Milling of Structural Steel Tubes

Milling of Structural Steel Tubes

(OP)
I have a situation in which short (21") steel tube segments will be used to splice longer segments of steel tubing (round HSS). The short splice segments must fit inside the larger tubes. In order to do so, the outside diameter must be reduced. The fabricator proposes to do so by milling 1/2" thick material down to 3/8" thick.

I'm wondering if anyone has any similar experience or any comments on the validity of this process.

Possible Concerns Include:
-Voiding the applicable ASTM tests performed by the Mill.
-Possible introduction of micro-cracks due to elevated temperatures.
-The work is beyond the scope of repairs allowed by ASTM A6 (is this a problem?).
-Surface roughness (this will be uncoated material embedded in soil, so corrosion is a factor - although corrosion allowances have been applied.
-Otherwise altering the mechanical properties of the material.

RE: Milling of Structural Steel Tubes

It sure seems like an expensive way to do it.
"Voiding the ASTM tests", I don't think would be an issue so much, but the finished product/assembly is likely not covered by any standard.
I don't think A6 applies to structural tubing, would have to check, though.
Will this all be welded up, or does it all stay loose and then get buried?

One idea that comes to mind is to cut a lengthwise slot in the tubing, then force it to a smaller diameter and re-weld.
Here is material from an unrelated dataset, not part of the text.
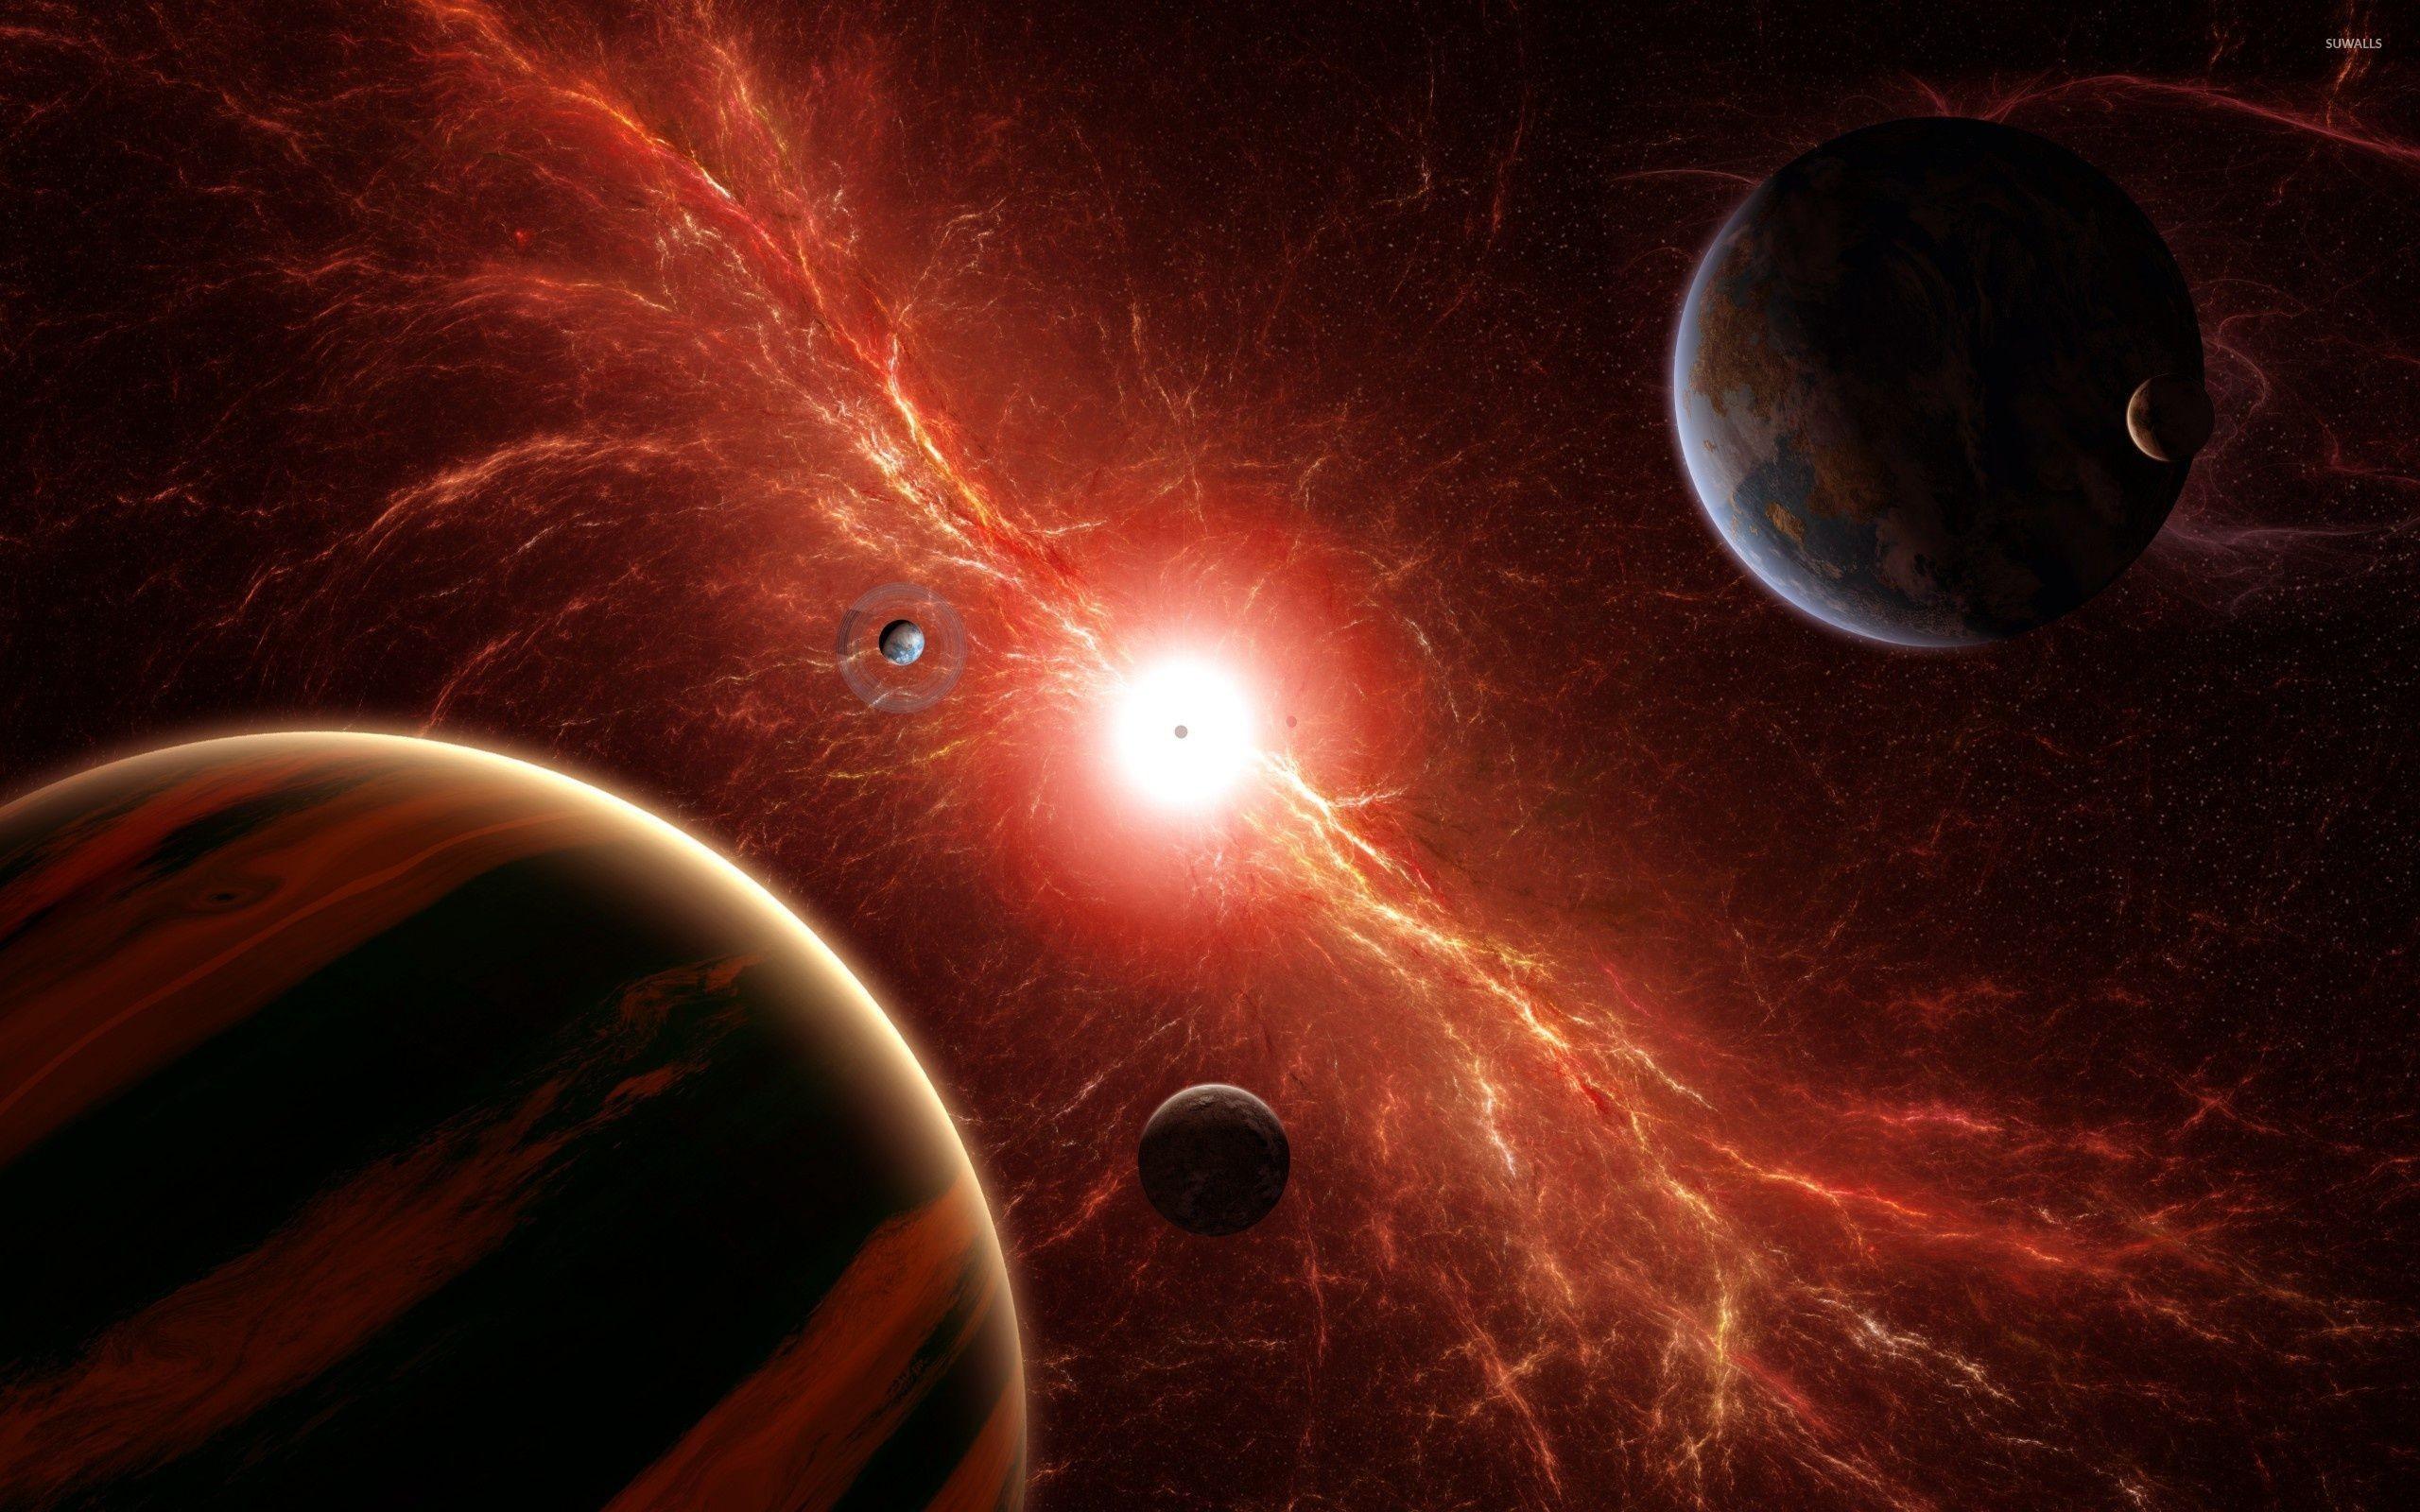 Red supernova wallpaper

Not that I've tried it.

RE: Milling of Structural Steel Tubes

What diameter of HSS are we discussing here? Can you just have specific diameter HSS made from plate?

RE: Milling of Structural Steel Tubes

If the pieces to be milled aren't annealed first, they will "move" on you (warp, twist, etc.), and make inserting them into the larger tubes more difficult - especially if the fit is close (or tight). Machining them will release pent-up stresses which will cause them to move.

Thaidavid

RE: Milling of Structural Steel Tubes

(OP)
Cold-rolling the tube out of plate and welding the seam was considered. Actually, that's the reason fabricator is now milling the tube - to get away from the welding. CJP welds along the seams were problematic.

Thanks - all for your input and feed back.